■ Exercise brief ■
Output exactly the lines of the listing below that run from the line with "Image of vehicle" through the line with "Image of Brinno". No pictures.

■ Given records ■
┄┄┄┄┄┄
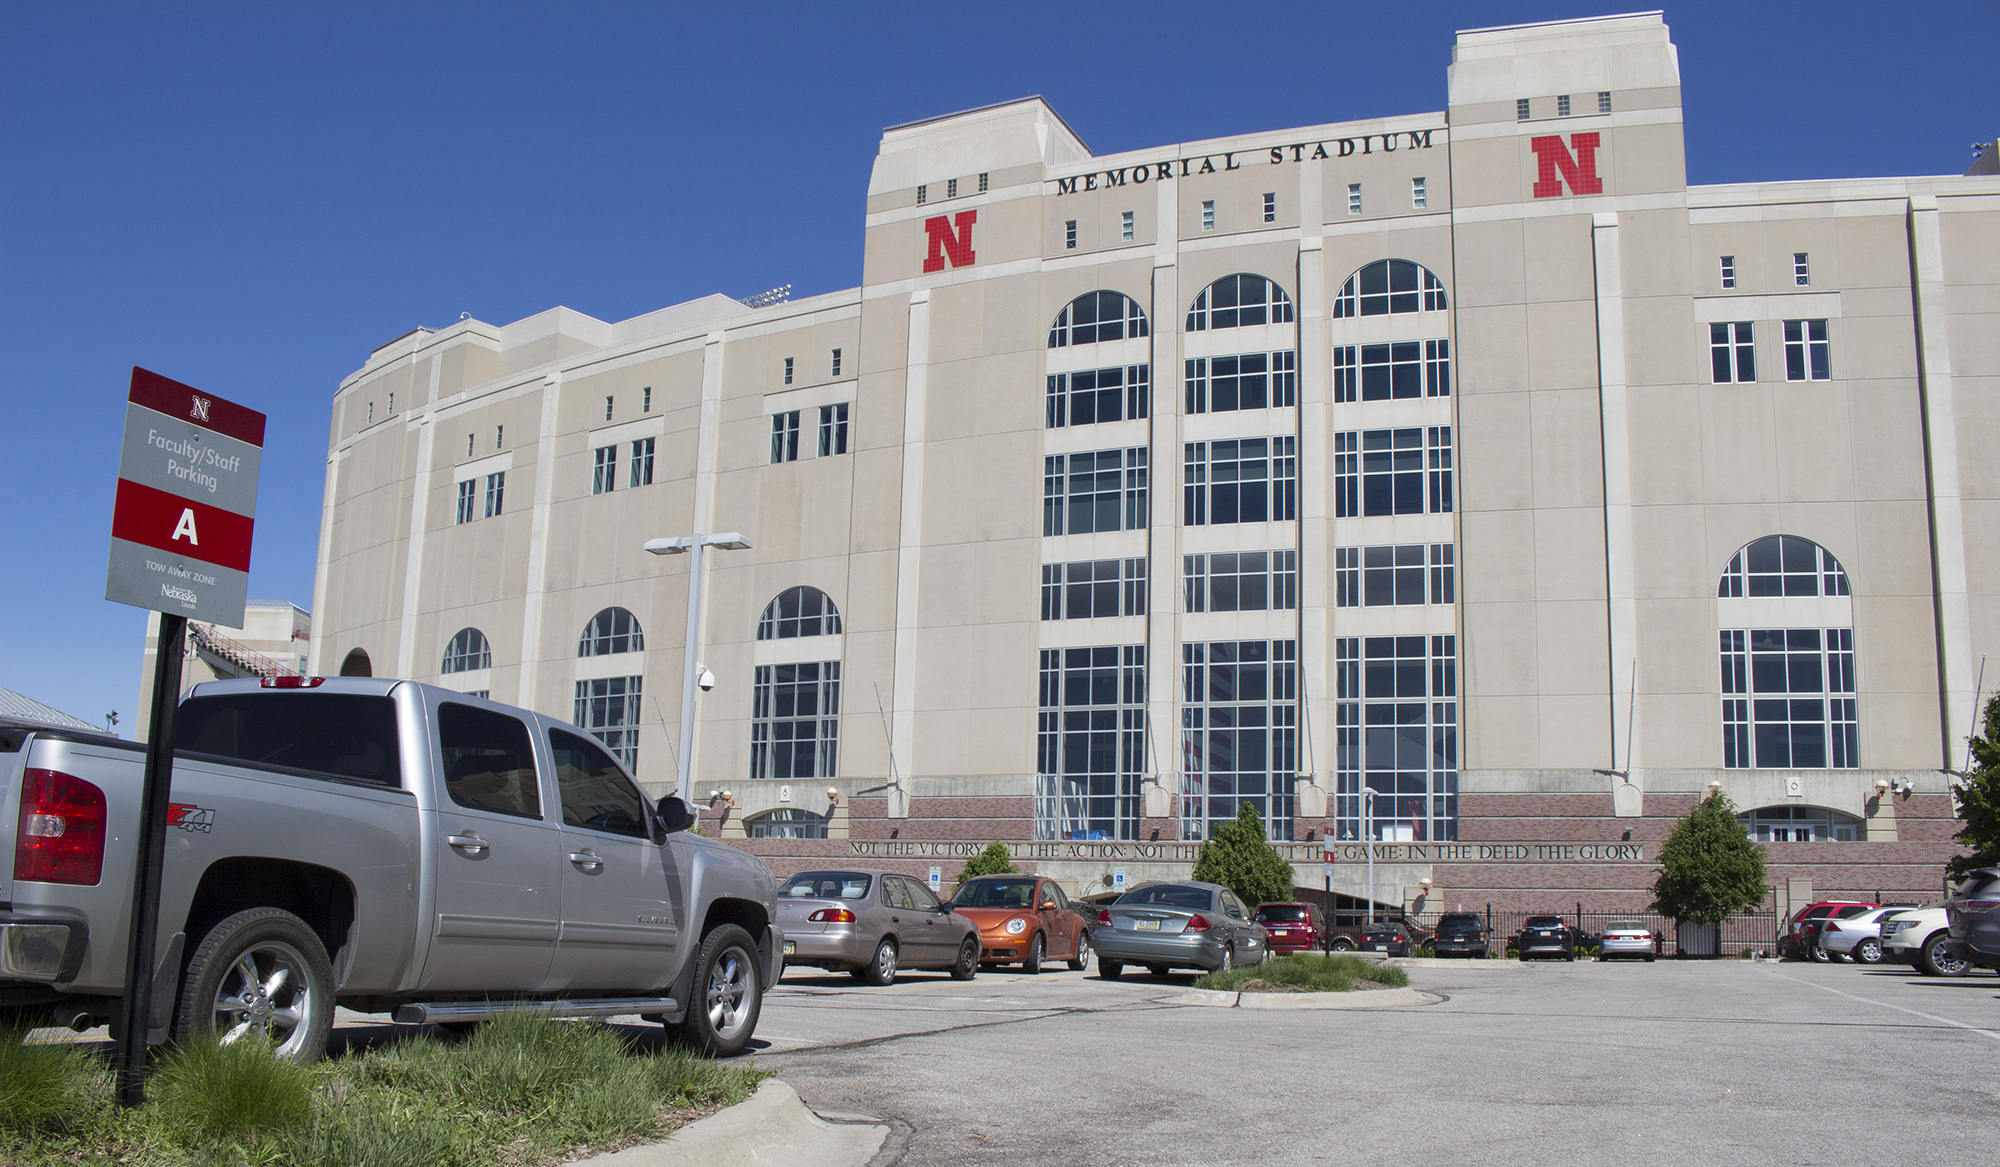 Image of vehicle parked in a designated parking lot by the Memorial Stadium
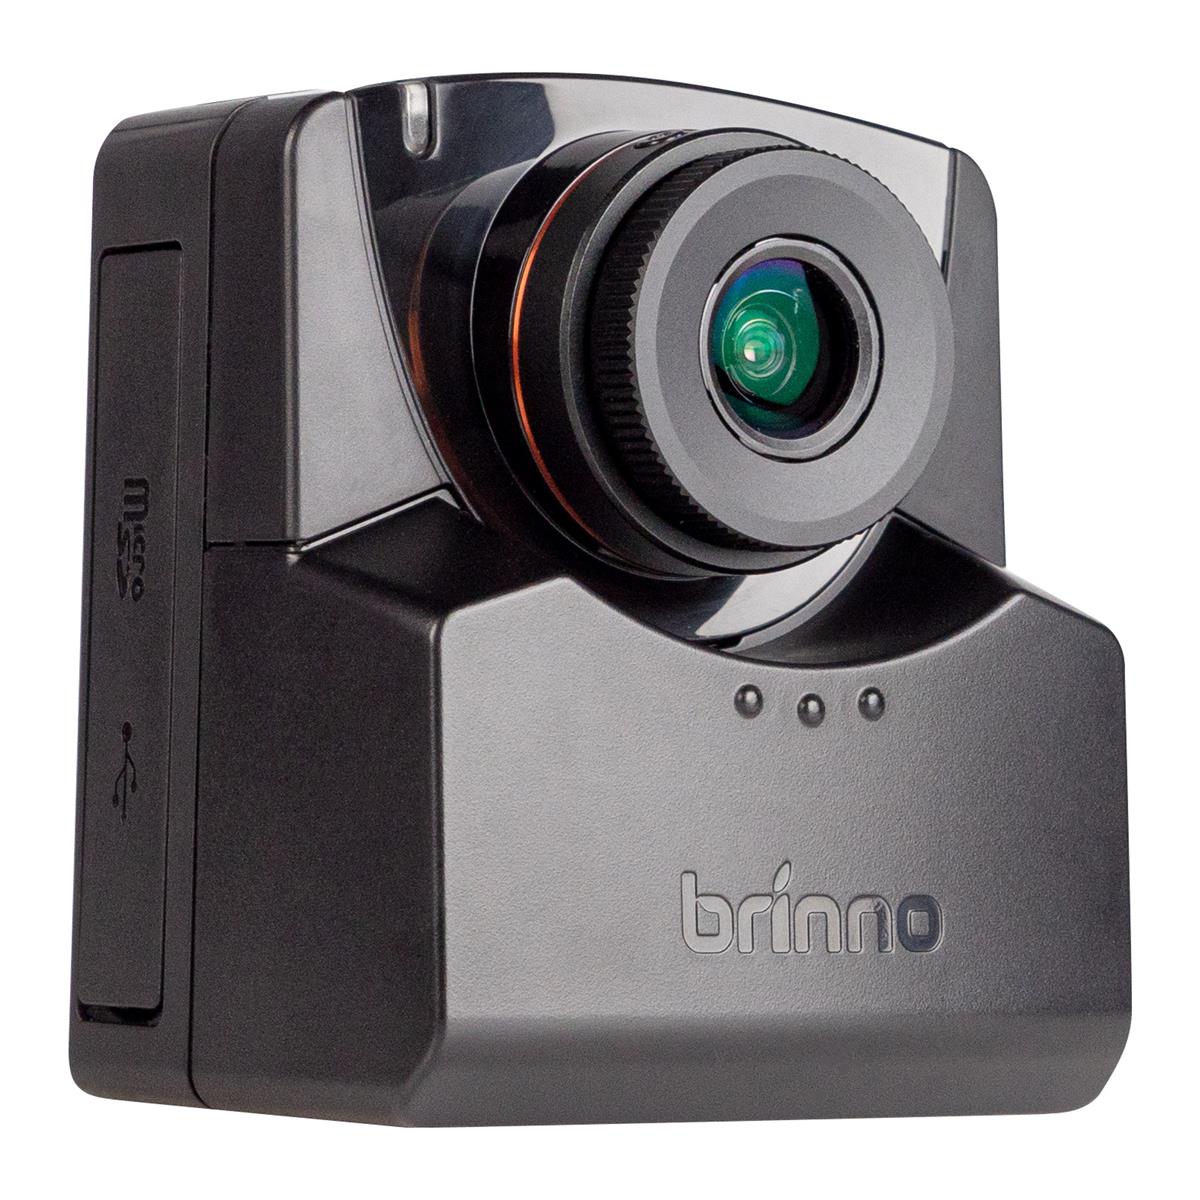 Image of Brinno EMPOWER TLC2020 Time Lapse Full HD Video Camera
┄┄┄┄┄┄
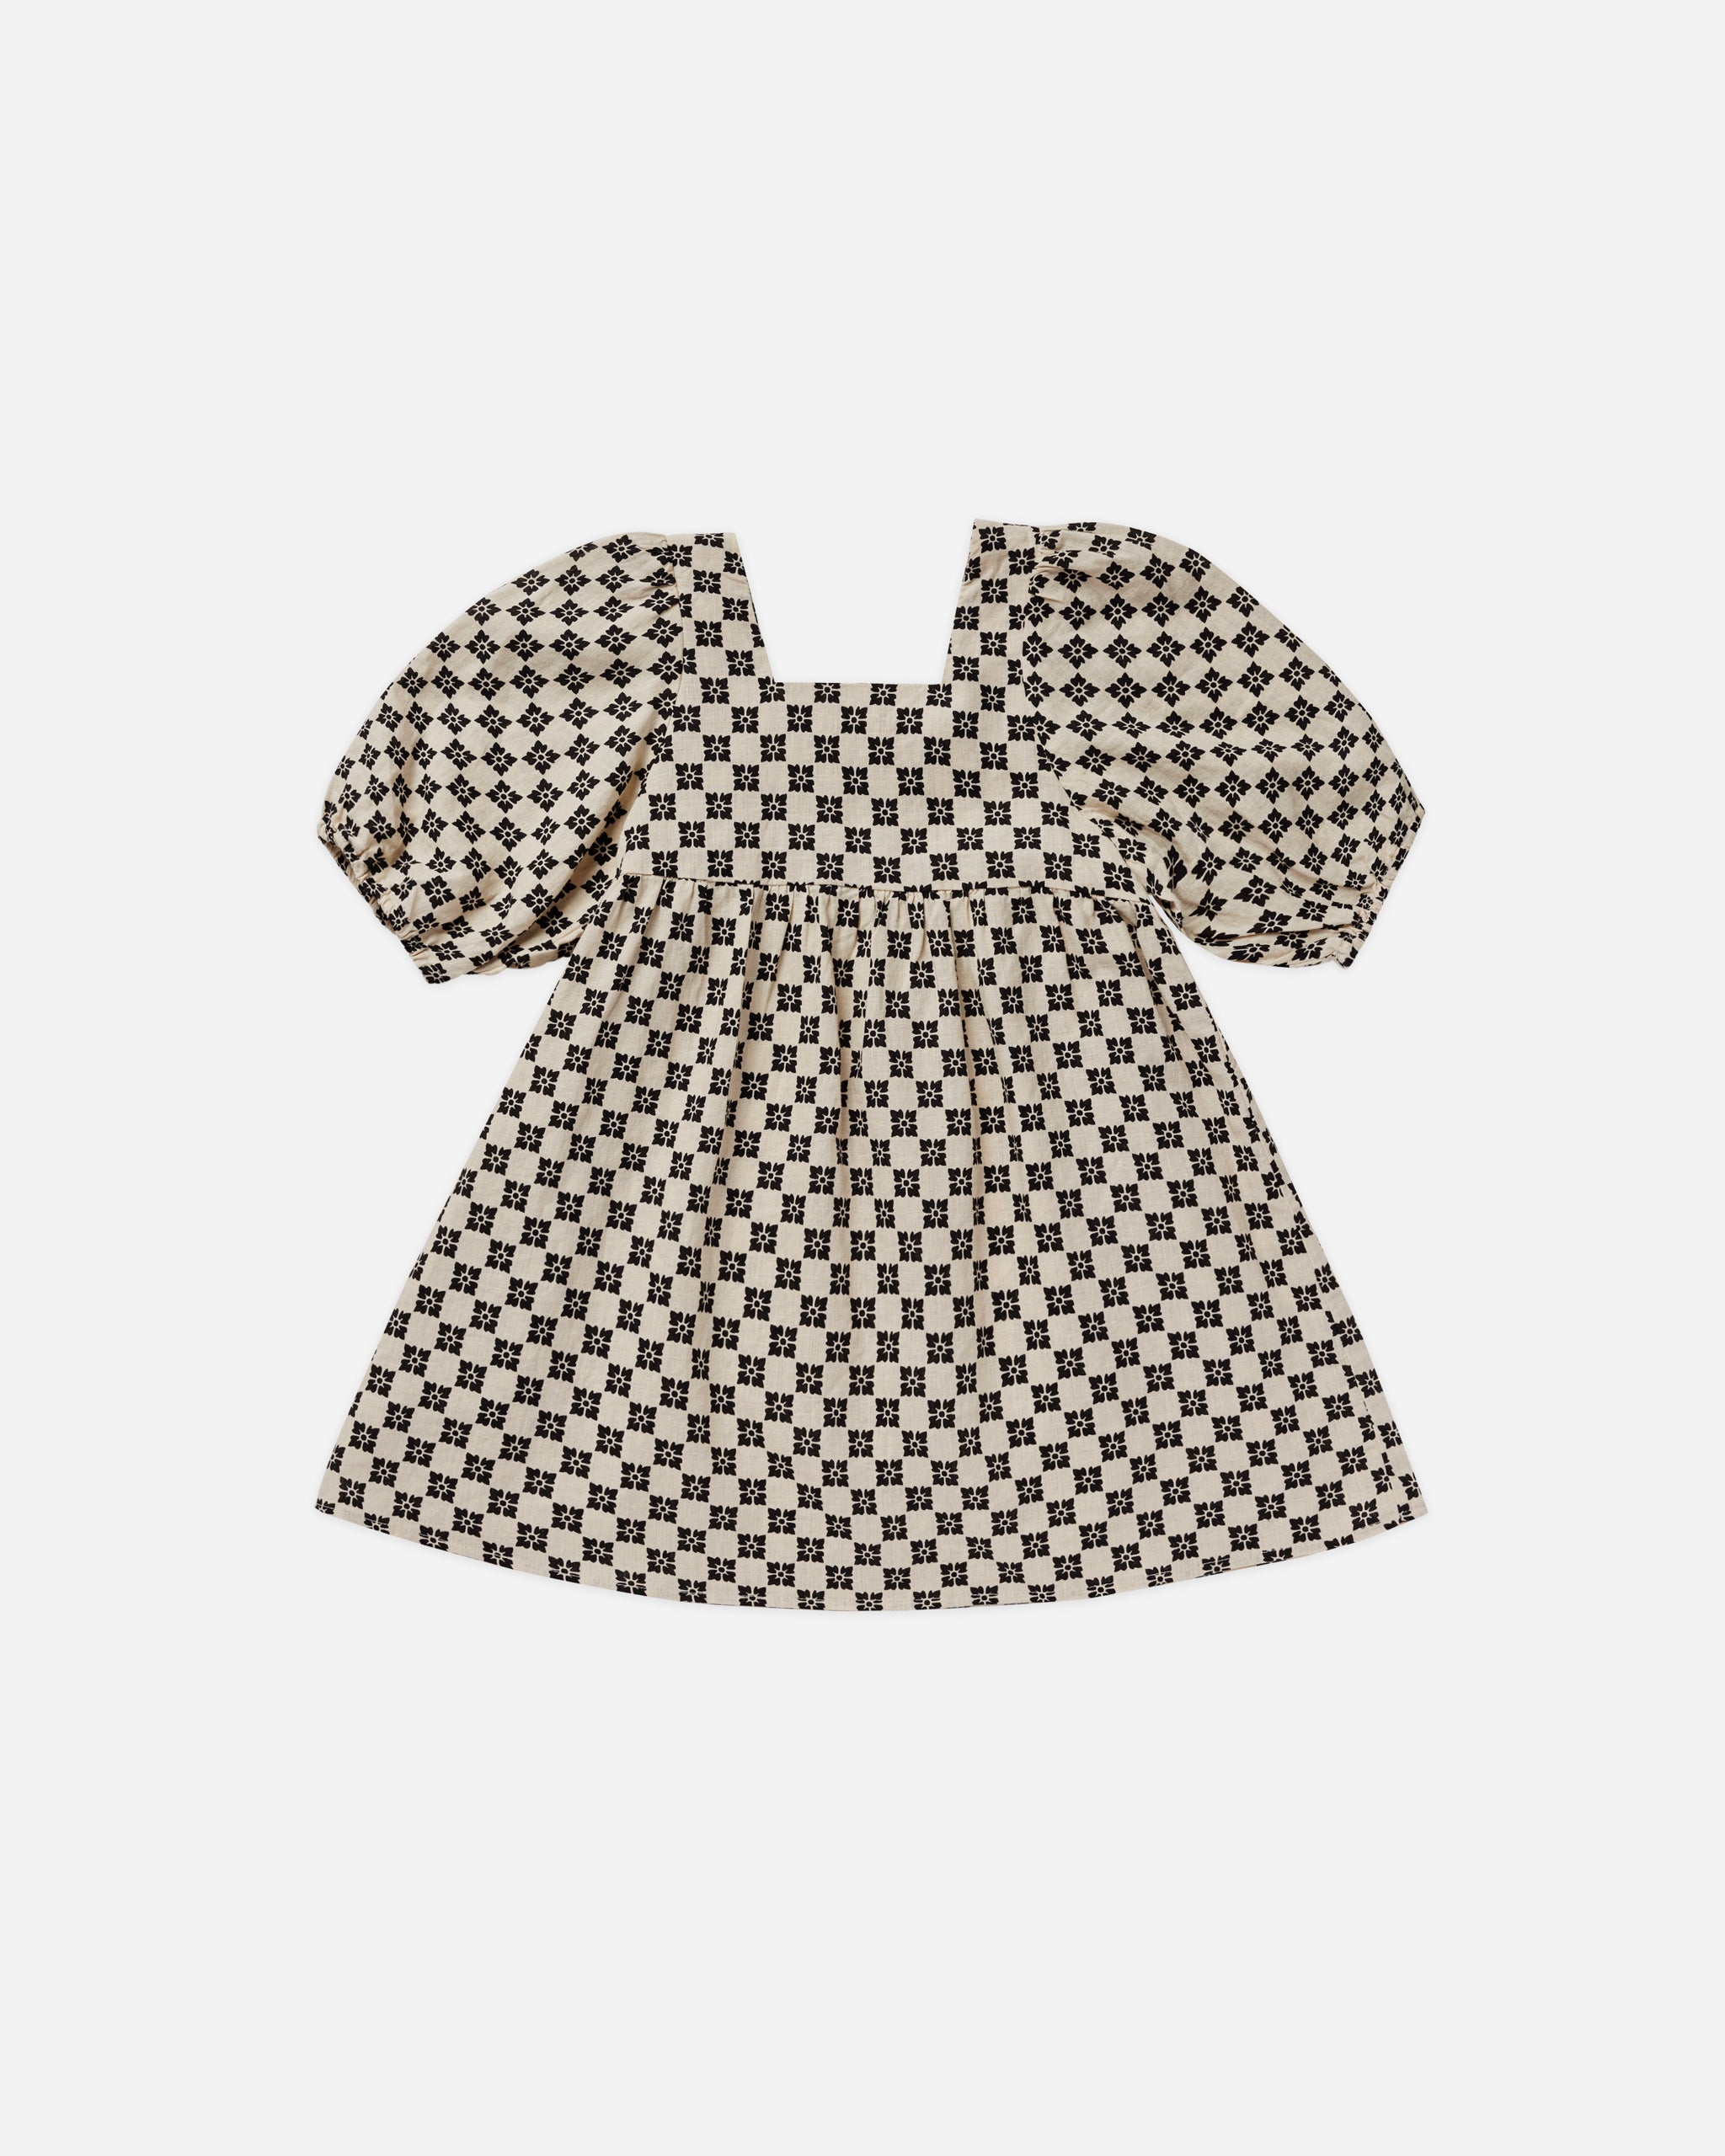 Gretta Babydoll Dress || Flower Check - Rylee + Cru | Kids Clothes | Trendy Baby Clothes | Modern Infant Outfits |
┄┄┄┄┄┄
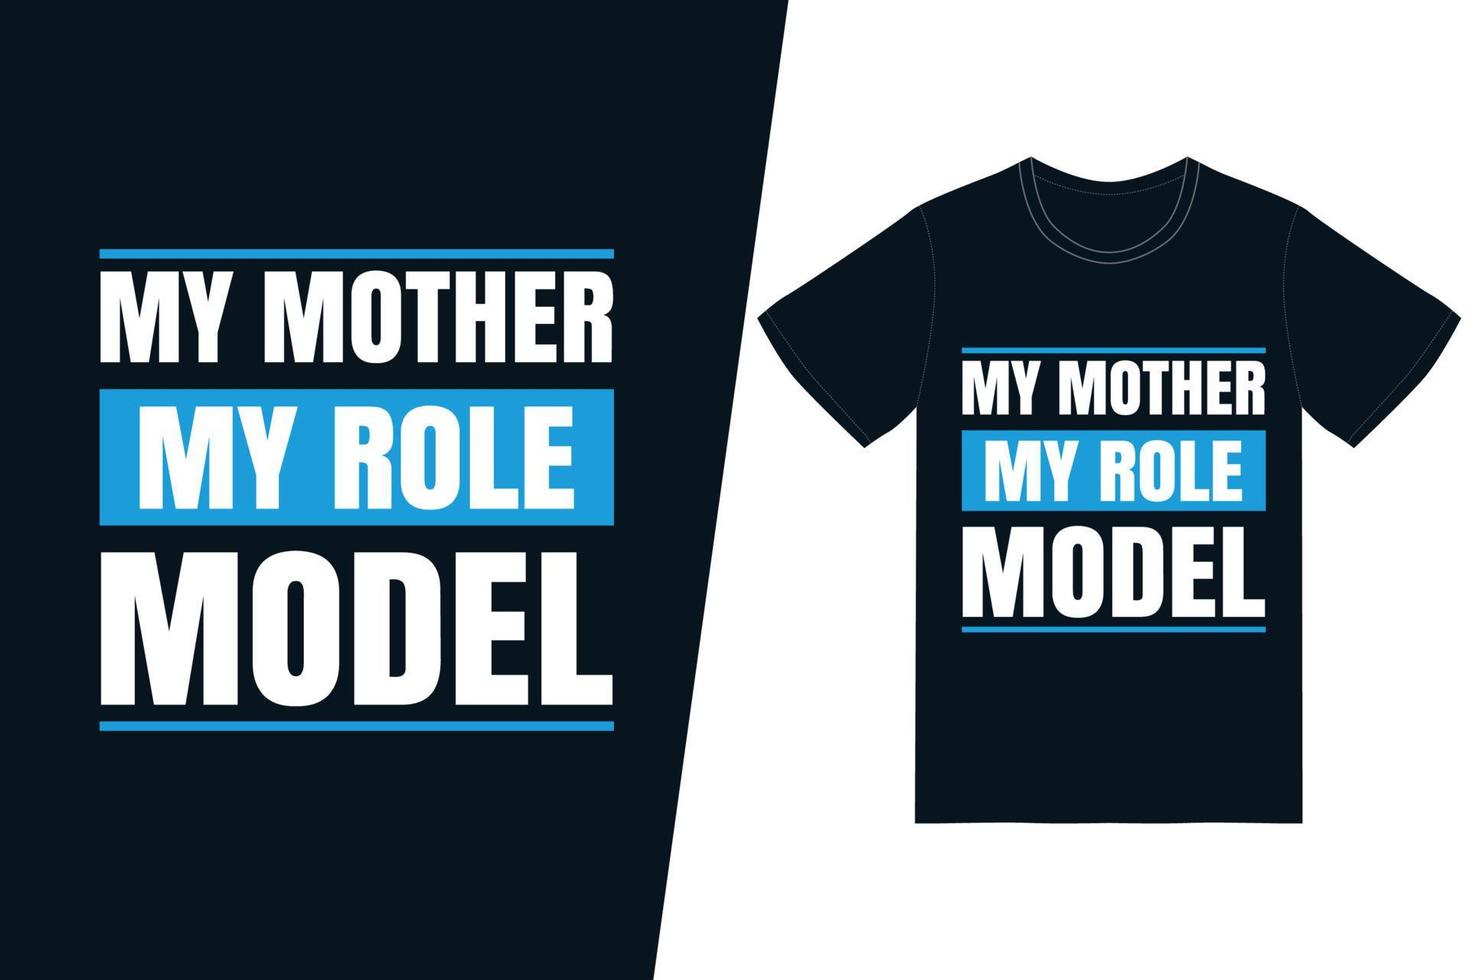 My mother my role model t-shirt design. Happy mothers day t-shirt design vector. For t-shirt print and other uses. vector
┄┄┄┄┄┄
■ Result ■
 Image of vehicle parked in a designated parking lot by the Memorial Stadium
 Image of Brinno EMPOWER TLC2020 Time Lapse Full HD Video Camera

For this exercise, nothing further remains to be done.